## Requirement
Copy the records below exactly, starting at the line that contains "Por qué no hemos" and ending at the line that contains "Aveiro City Museum building"; leave out any pictures.

Top of Data for this exercise

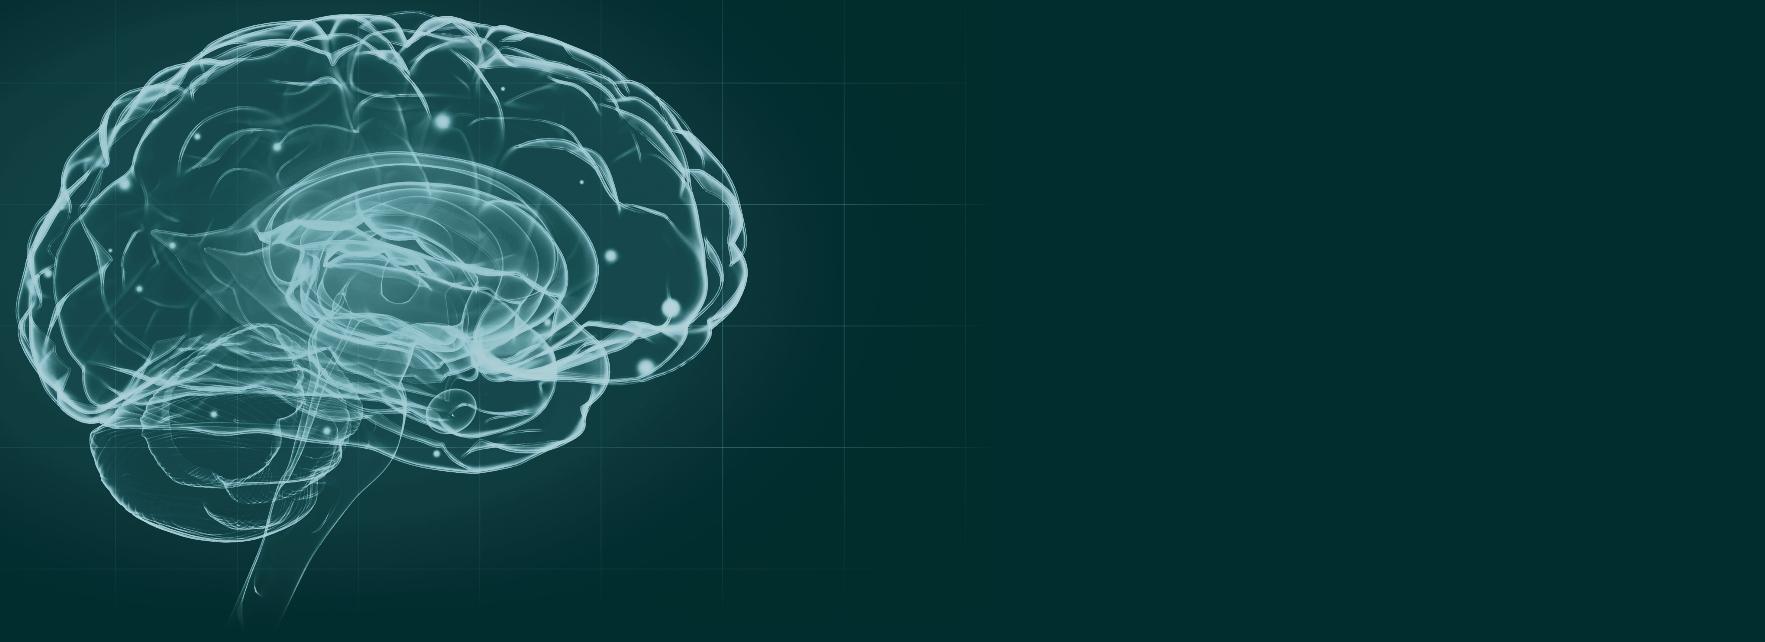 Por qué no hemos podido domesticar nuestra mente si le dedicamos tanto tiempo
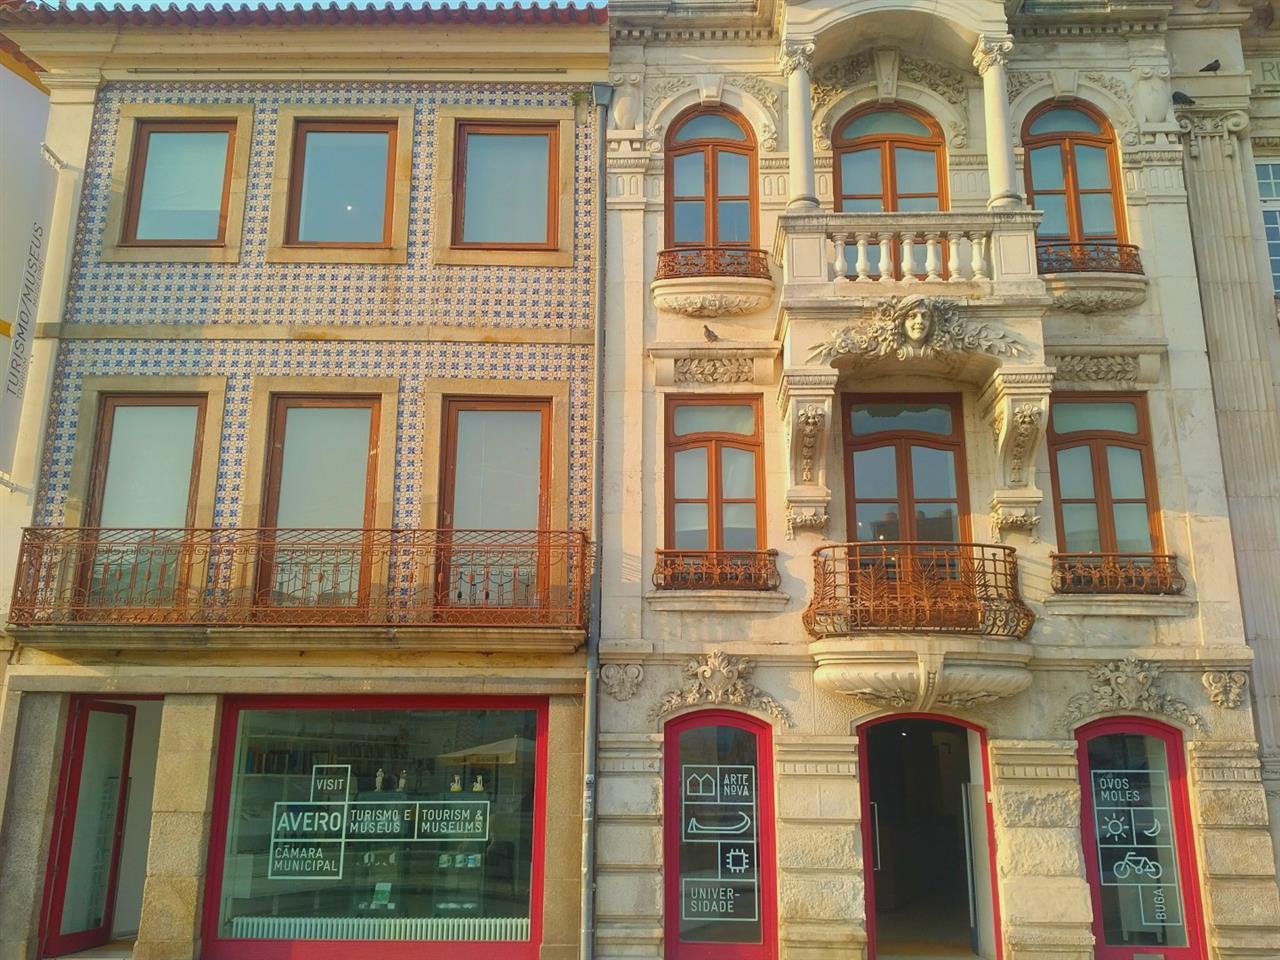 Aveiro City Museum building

Bottom of Data for this exercise
Top of Data for this exercise

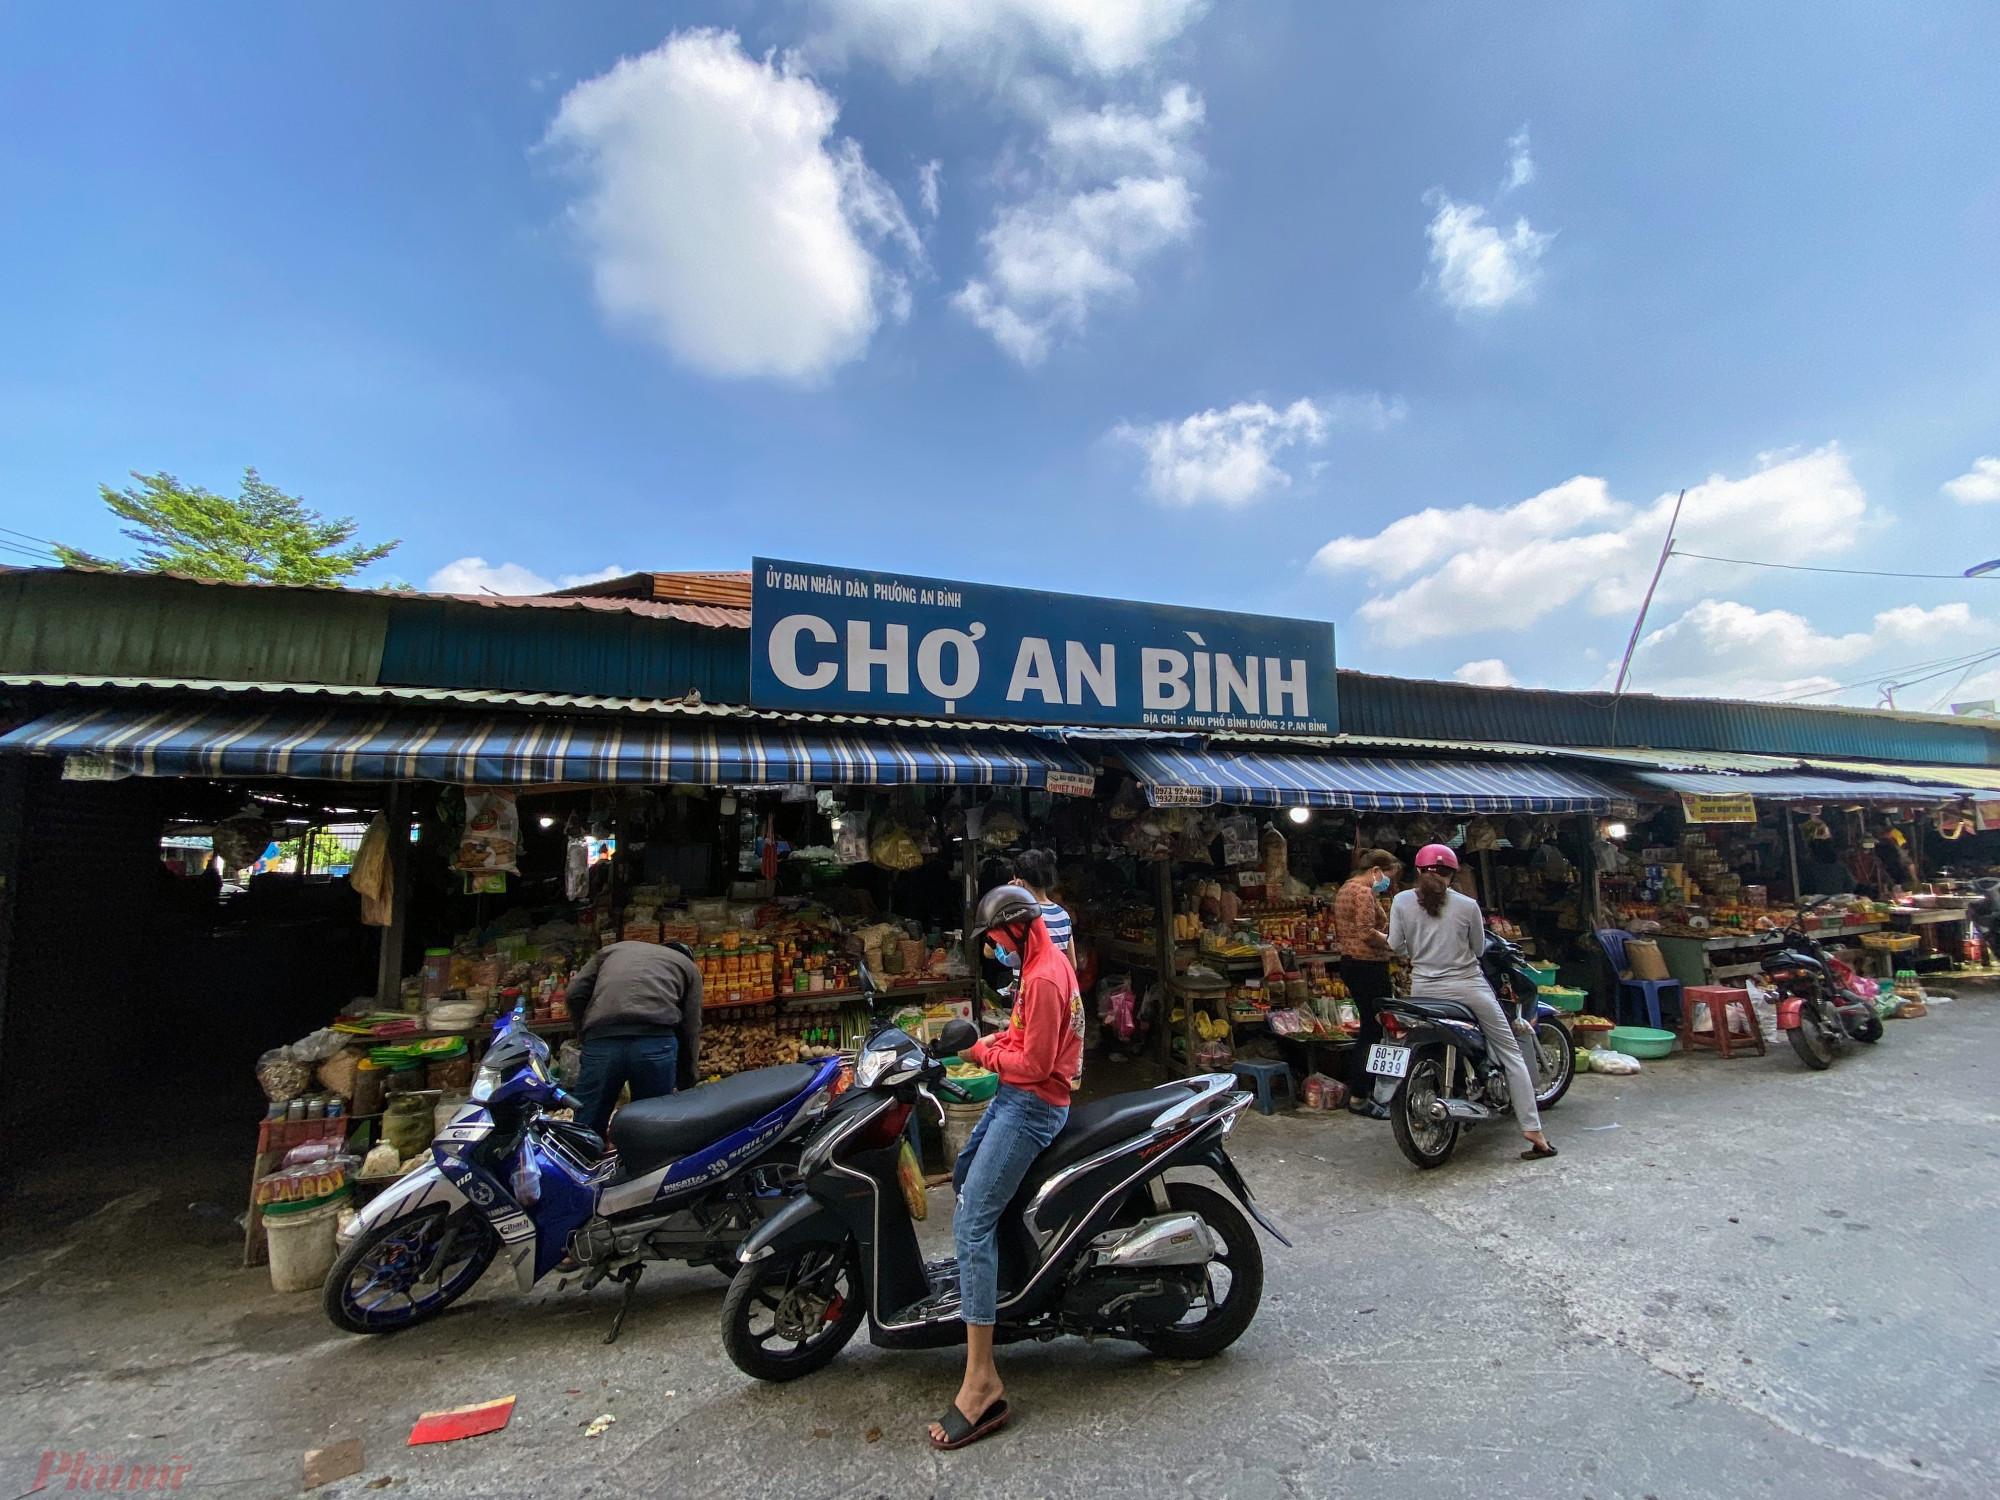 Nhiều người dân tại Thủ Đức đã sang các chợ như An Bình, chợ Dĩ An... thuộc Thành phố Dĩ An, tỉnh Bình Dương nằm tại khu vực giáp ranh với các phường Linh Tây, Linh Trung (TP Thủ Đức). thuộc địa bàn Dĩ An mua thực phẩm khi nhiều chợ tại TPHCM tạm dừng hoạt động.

Bottom of Data for this exercise

## Expected output
 Por qué no hemos podido domesticar nuestra mente si le dedicamos tanto tiempo
 Aveiro City Museum building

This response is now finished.